Big Data analysis with Hadoop and RHadoop

Course/Event Essentials

Event/Course Start
Event/Course End
Event/Course Format
Online
Live (synchronous)

Venue Information

Country: Slovenia
Venue Details: Click here

Training Content and Scope

Scientific Domain
Technical Domain
Level of Instruction
Intermediate
Sector of the Target Audience
Research and Academia
Industry
Public Sector
Other (general public...)
Language of Instruction

Other Information

Event/Course Description

Overview

This training course will focus on the foundations of “Big Data” analysis by introducing the Hadoop distributed computing architecture and providing an introductory level tutorial for Big Data analysis using Hadoop and Rhadoop. Although online, the course will be hands-on, allowing participants to work interactively on real data on the High Performance Computing environment of the University of Ljubljana

Description

The training event will consist of two 4 hour training in two consecutive days. The first day will focus to big data management and data analysis with Hadoop. The participant will learn how to (i) move big data efficiently to a cluster and to Hadoop distributed file system, and (ii) how to perform simple big data analysis by Python scripts using MapReduce and Hadoop. The second day will focus to big data management and analysis using Rhadoop. We will stick to work within RStudio and will write all scripts within R using several state-of-the-art libraries for parallel computations, like parallel, doParallel and foreach and libraries to work with Hadoop, like rmr, rhdfs and rhbase.

Target audience

Everyone interested in big data management and analysis

Prerequisite knowledge

For the first day: basic Linux shell commands, Python  
For the second day: basic Linux shell commands and R

Workflow

The course will be online via zoom. The participants will need local computer to connect to the HPC at University of Ljubljana. Before the start of the course they will get a student account at this supercomputer and all the examples will be done on this machine.

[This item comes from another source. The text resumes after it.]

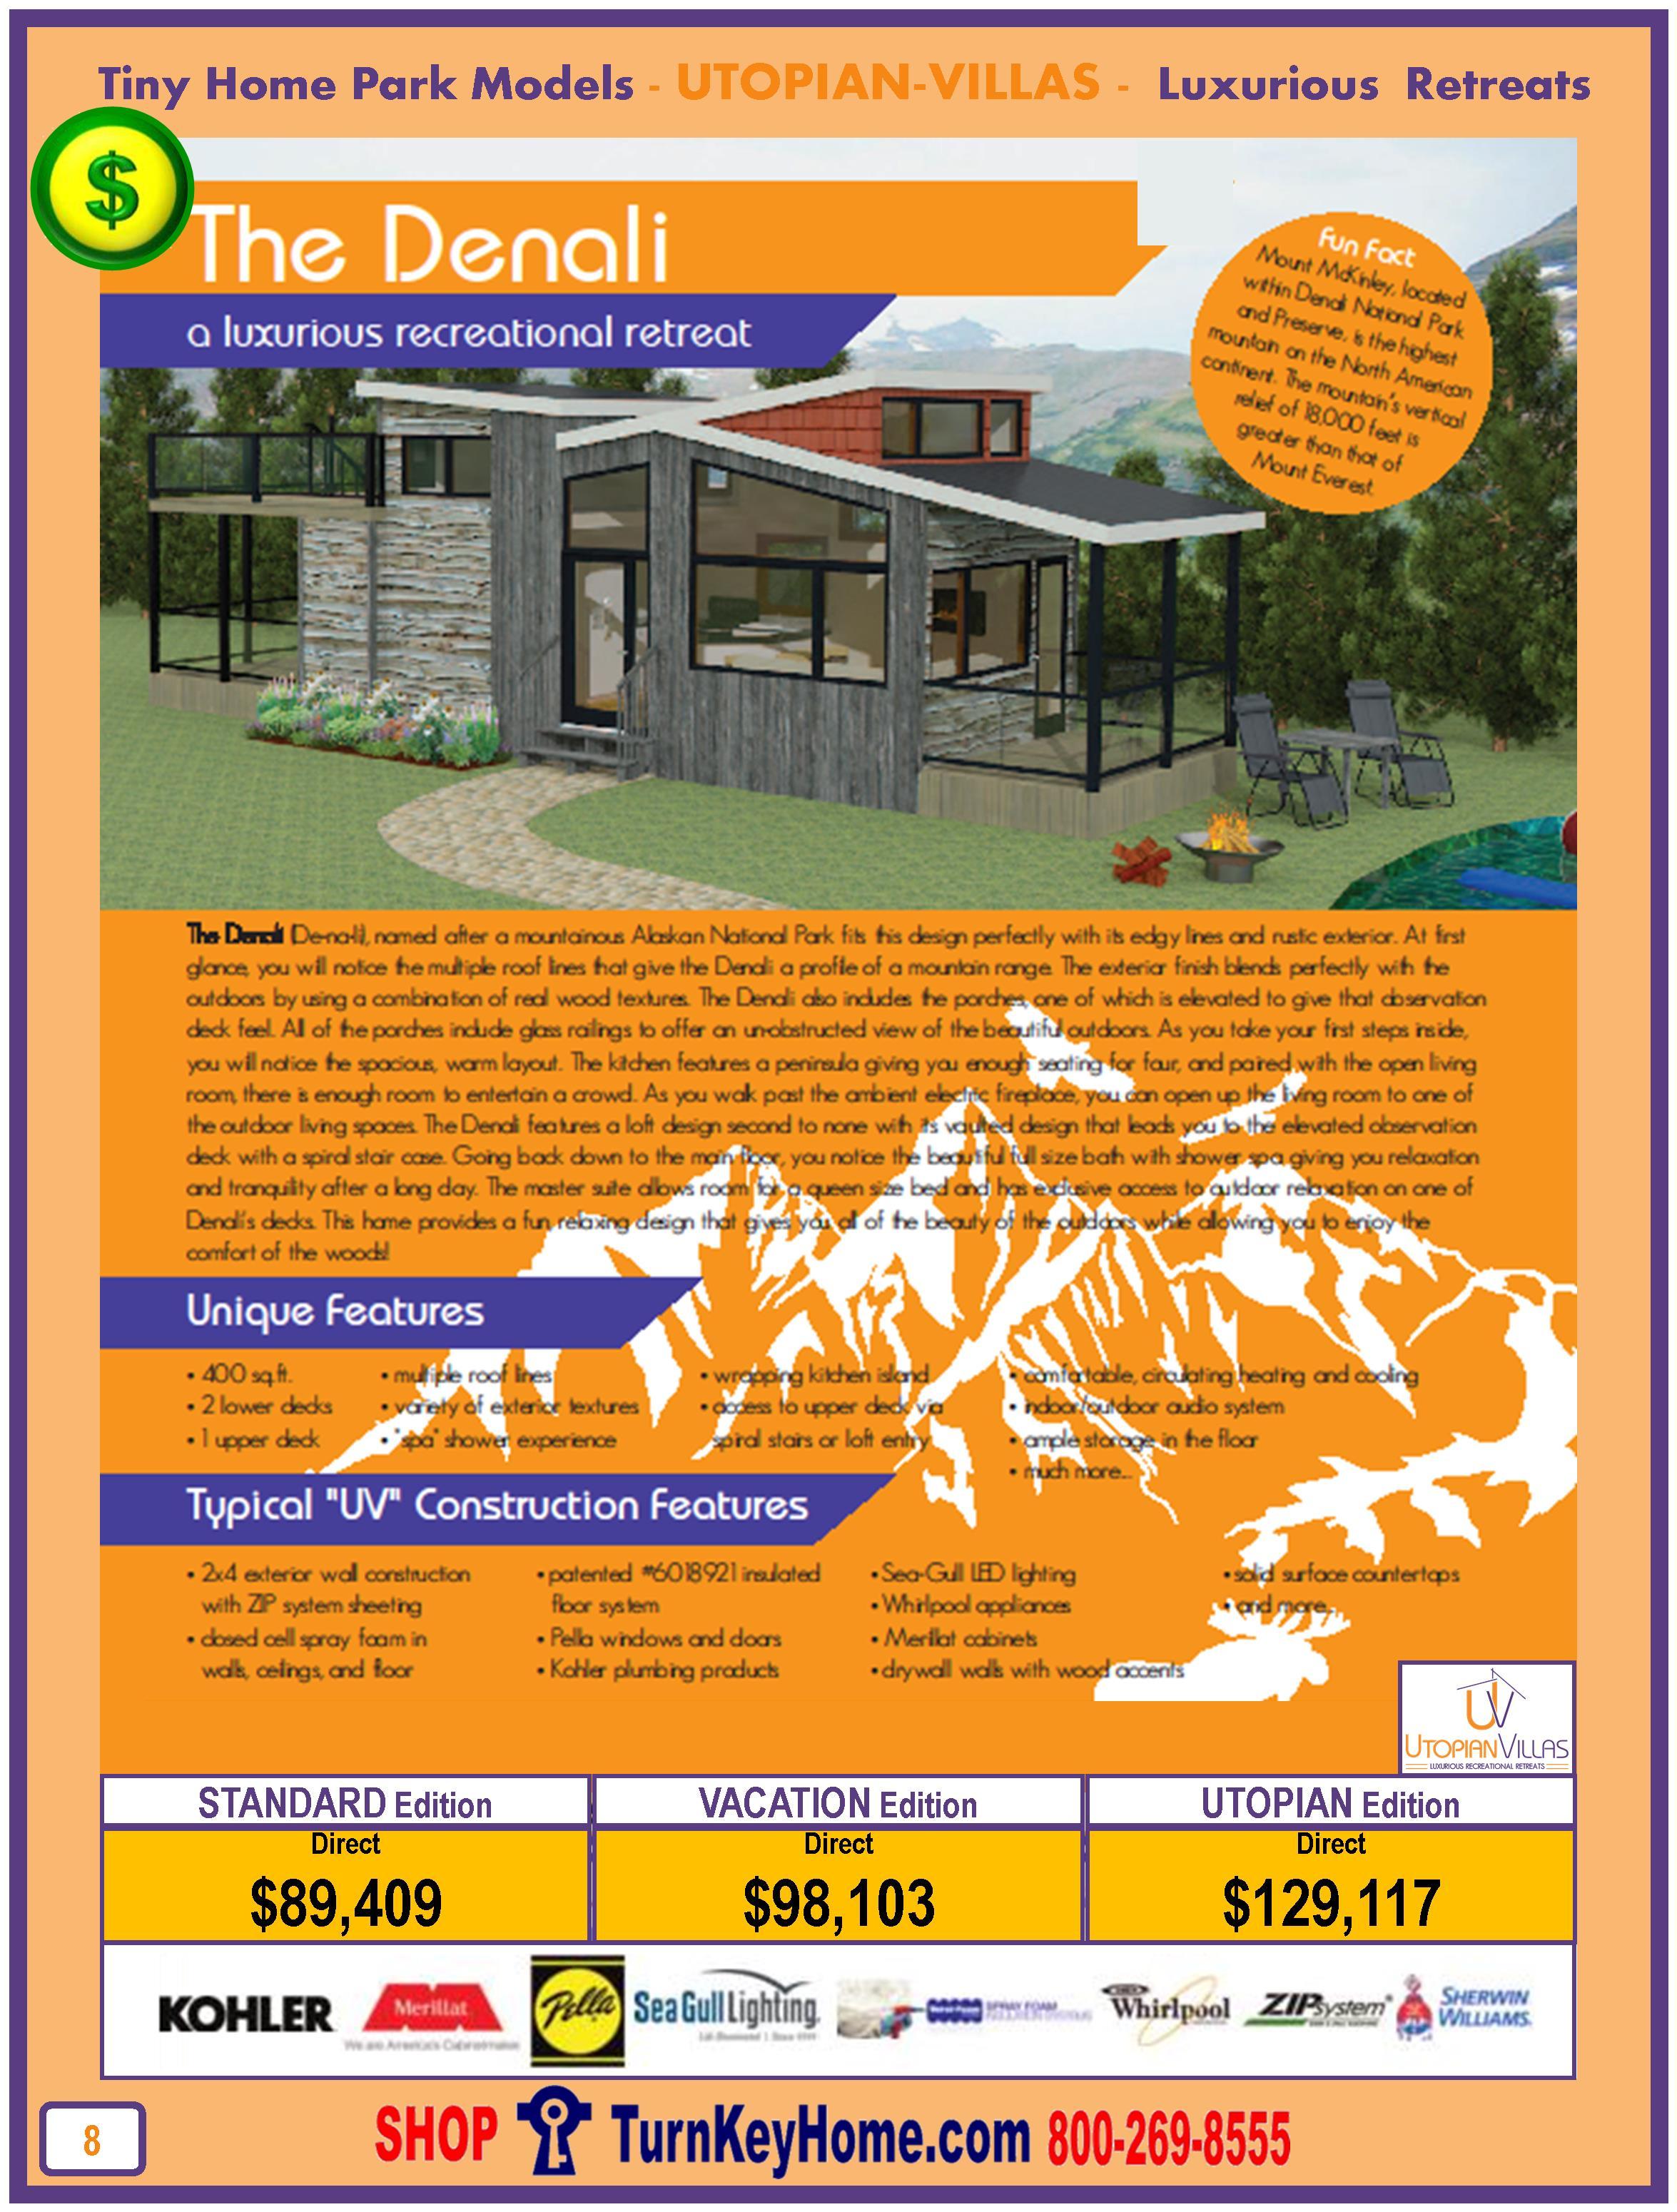 Tiny.Home.Park.Model.Utopian.Villas.DENALI.Plan.Price.P8.0116

They will retain this account for 2 more weeks to repeat the cases again, to transfer the data and the examples to a local machine.

Skills to be gained

At the end of the course the student will be able to:

  • Connect to a supercomputer using NoMachine tool;
  • Move big data to a supercomputer and store it to a distributed file system;
  • Writing Python scripts to perform basic data management and data analysis tasks by Hadoop;
  • Writing R scripts to perform basic data management and data analysis tasks by Rhadoop libraries like rmr, rhdfs and rhbase.